Digital infrastructures: the Alfred P. Sloan Foundation is funding a project by the Sant'Anna School of Advanced Studies in Pisa to improve the compression and search capabilities of the Software Heritage Archive

Design new algorithmic solutions for data compression and develop a search engine with unique features to improve accessibility to the Software Heritage Archive, the world's largest archive that allows the collection, preservation, and free and perpetual access to the source code of millions of software libraries publicly available on the Web. These are the two main objectives of the two-year project coordinated by Paolo Ferragina, full professor of Computer Science at the Sant'Anna School of Advanced Studies and the University of Pisa, and funded by the Alfred P. Sloan Foundation, a US philanthropic organization and one of the most important supporters of research in science, technology, engineering, mathematics and economics.

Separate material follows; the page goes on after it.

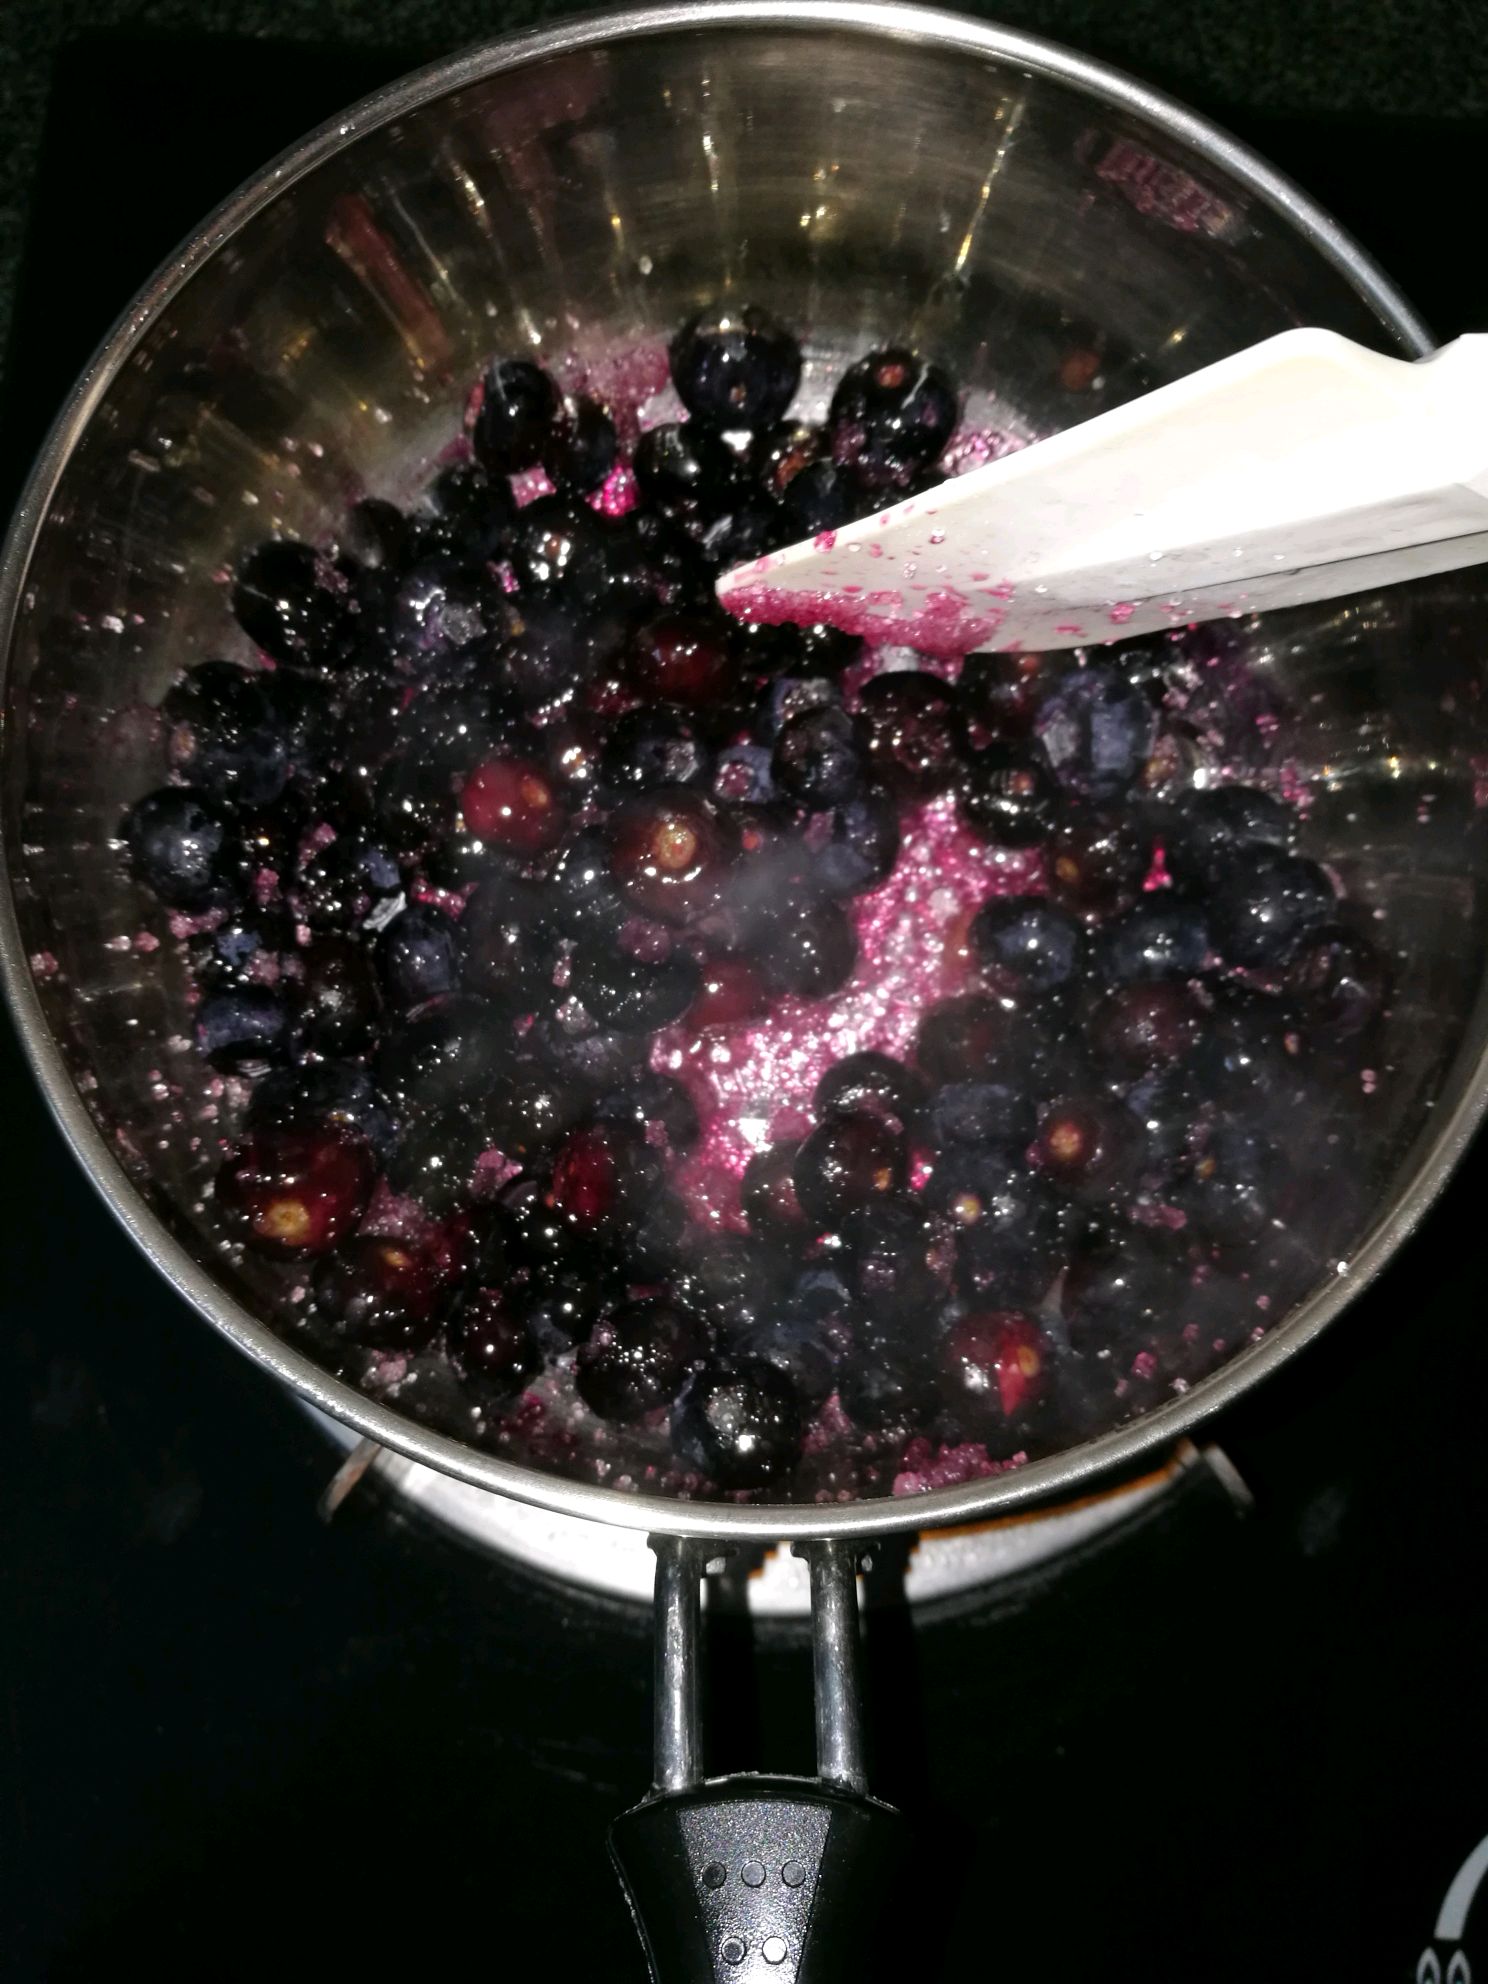 蓝莓酱的做法_【图解】蓝莓酱怎么做如何做好吃_蓝莓酱家常做法大全_danaeliu_豆果美食

“It is a great satisfaction to see such a challenging and ambitious project funded, and to be able to contribute with two research and software development efforts that highlight the expertise of the algorithmic school in Pisa: data compression, aimed at saving the enormous storage space of the Software Heritage Archive and thus improving the sustainability of its digital infrastructure; and the development of a search engine capable of efficiently and effectively identifying, within the vast amount of software in the archive, those code fragments that are possibly syntactically different from a searched snippet but as computationally equivalent as possible to it. The incredible size and uniqueness of the archive will give our algorithmic solutions a significant impact, given the crucial role software plays today in scientific research and in industrial processes and products.” says Paolo Ferragina.

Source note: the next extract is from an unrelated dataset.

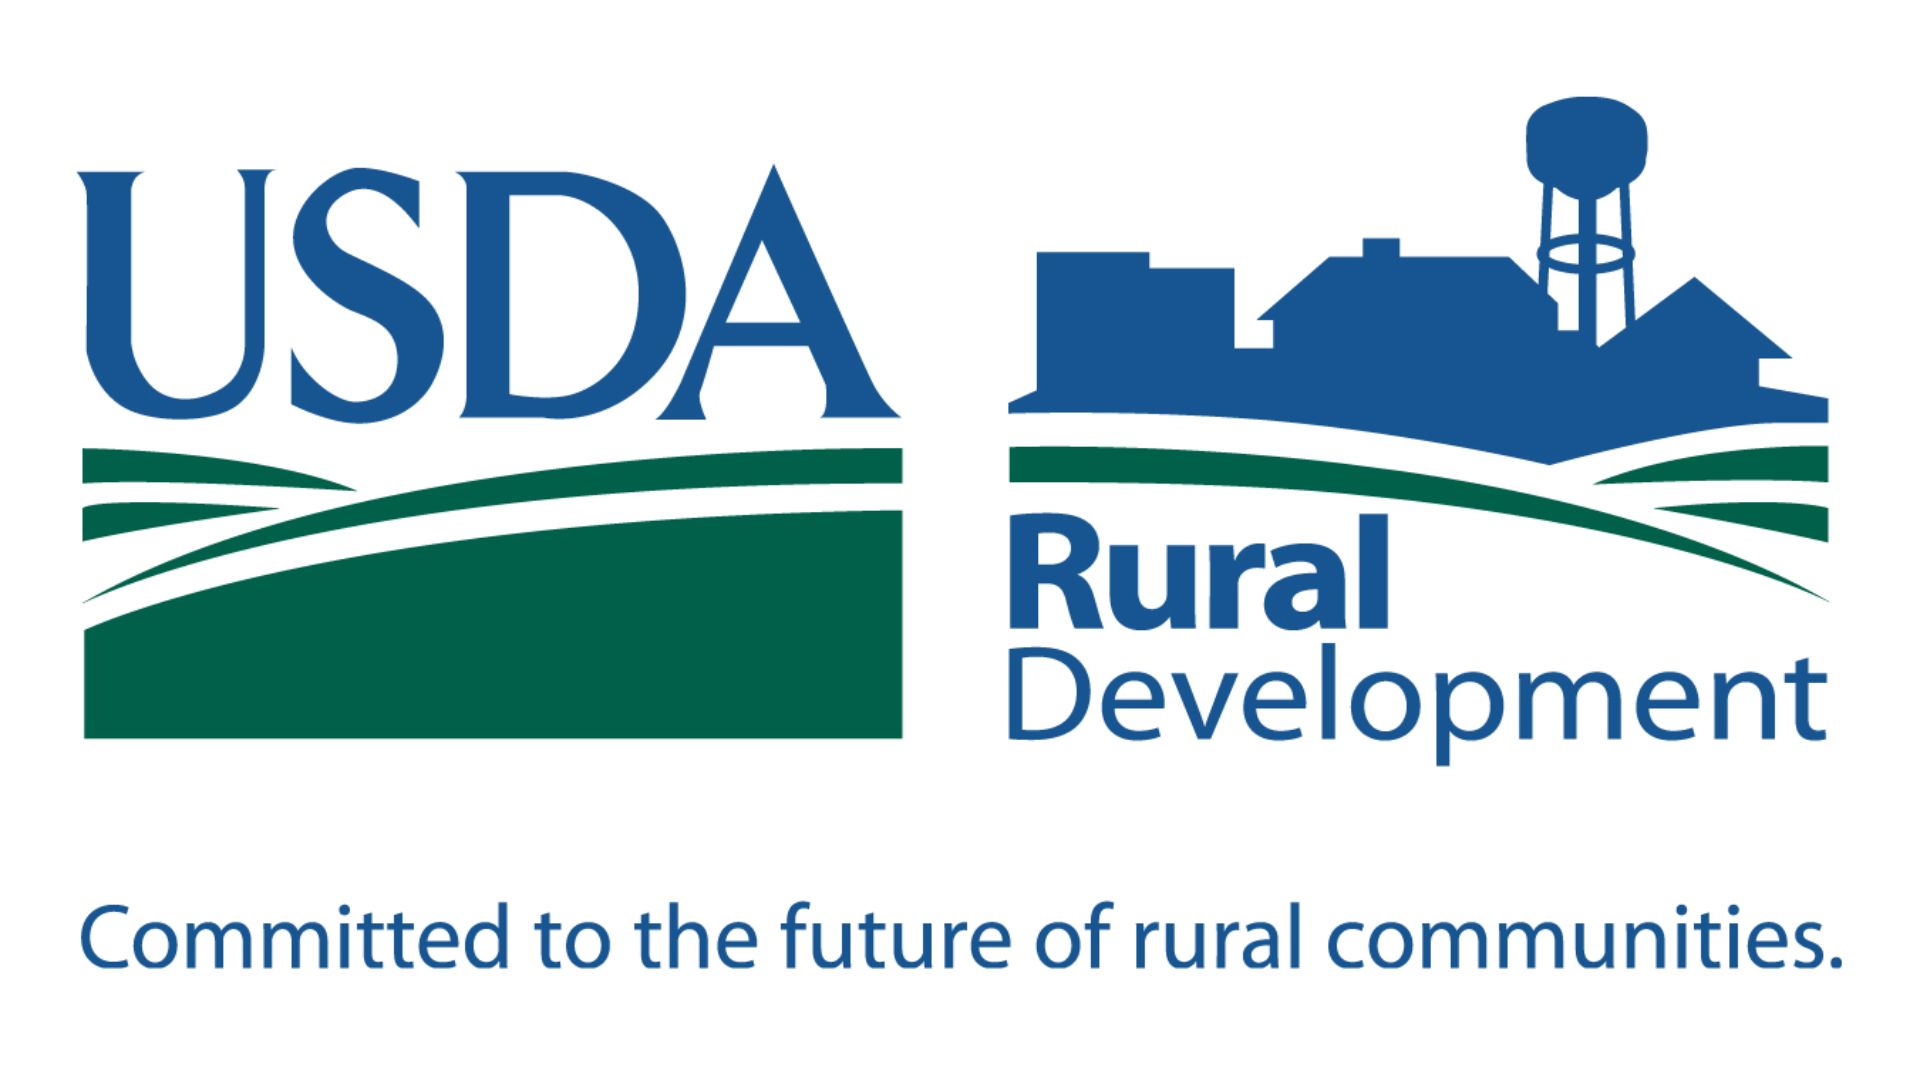 USDA Direct Rural Homebuyers' Paradise.

The Software Heritage Archive, the most important database of source codes
The Software Heritage Archive (SWH) was founded in 2016 as a non-profit initiative promoted by INRIA (the French National Institute for Research in Computer Science and Automation), in collaboration with UNESCO, and coordinated by Prof. Roberto Di Cosmo. Currently, the archive holds over 23 billion files, from more than 350 million software projects publicly available on the Web and created by more than 85 million programmers. It is a true intangible heritage of Computer Science and a unique access point to a vast technological knowledge base, necessary to support digital transformation and innovation. In fact, software today plays a crucial role in various scientific and industrial activities.
Why it is crucial to improve compression and search capabilities of SWH
What does it mean to preserve the source code of publicly available software? It means not only knowing the history of Computer Science and its software products, but also coming into contact with an enormous amount of information that goes far beyond the “source code” and can therefore give a great boost to innovation and new technological frontiers.
Interest in source code is also growing in the field of Artificial Intelligence. Researchers and engineers are building pre-trained models for code generation and for improving the performance of the best Large Language Models (LLM), such as OpenAI's GPT-4 or Google's Gemini, training them on both natural language and the source code of publicly available software.
The challenge of the project coordinated by the Sant'Anna School of Advanced Studies in Pisa is to find a way to navigate this gigantic virtual library with more efficient and effective tools: In this scenario, the infrastructure represented by SWH is a great opportunity to address a wide range of needs and applications, ranging, for example, from the development of AI-supported coding and its “explainability”, to the detection and tracking of plagiarized (for the protection of intellectual property) or potentially “harmful” (for cybersecurity) code snippets.
The statements
“Professor Ferragina and his team at the Sant'Anna School of Advanced Studies in Pisa are bringing cutting edge techniques in AI, data compression, and digital infrastructure design to upgrade and augment one of the world's most important collections of software source code. Their efforts will help ensure that the more than 23 billion files being safeguarded by the Software Heritage Archive will remain open and accessible to all” says Dr. Joshua M. Greenberg, Program Director, Alfred P. Sloan Foundation.
“The project will involve young researchers who will thus be able to deepen their knowledge and skills in the field of data compression and the development of new generation search engines. The project will give them the opportunity to collaborate with international research groups, allowing them to engage with globally renowned research centers and companies. I believe that this is a great opportunity for the personal, scientific and professional growth of all our young talents,” Ferragina concludes.
“The archive built by Software Heritage aims to preserve and make easily accessible the technical, scientific and collaborative knowledge that is increasingly found in the source code of software libraries. Over the last twenty years, the amount of original code has doubled every two years on average, creating a significant challenge for the sustainability of the archive. We are therefore extremely pleased that Prof. Ferragina is making his experience and expertise available for this mission,” says Roberto Di Cosmo, scientific director of the Software Heritage Archive.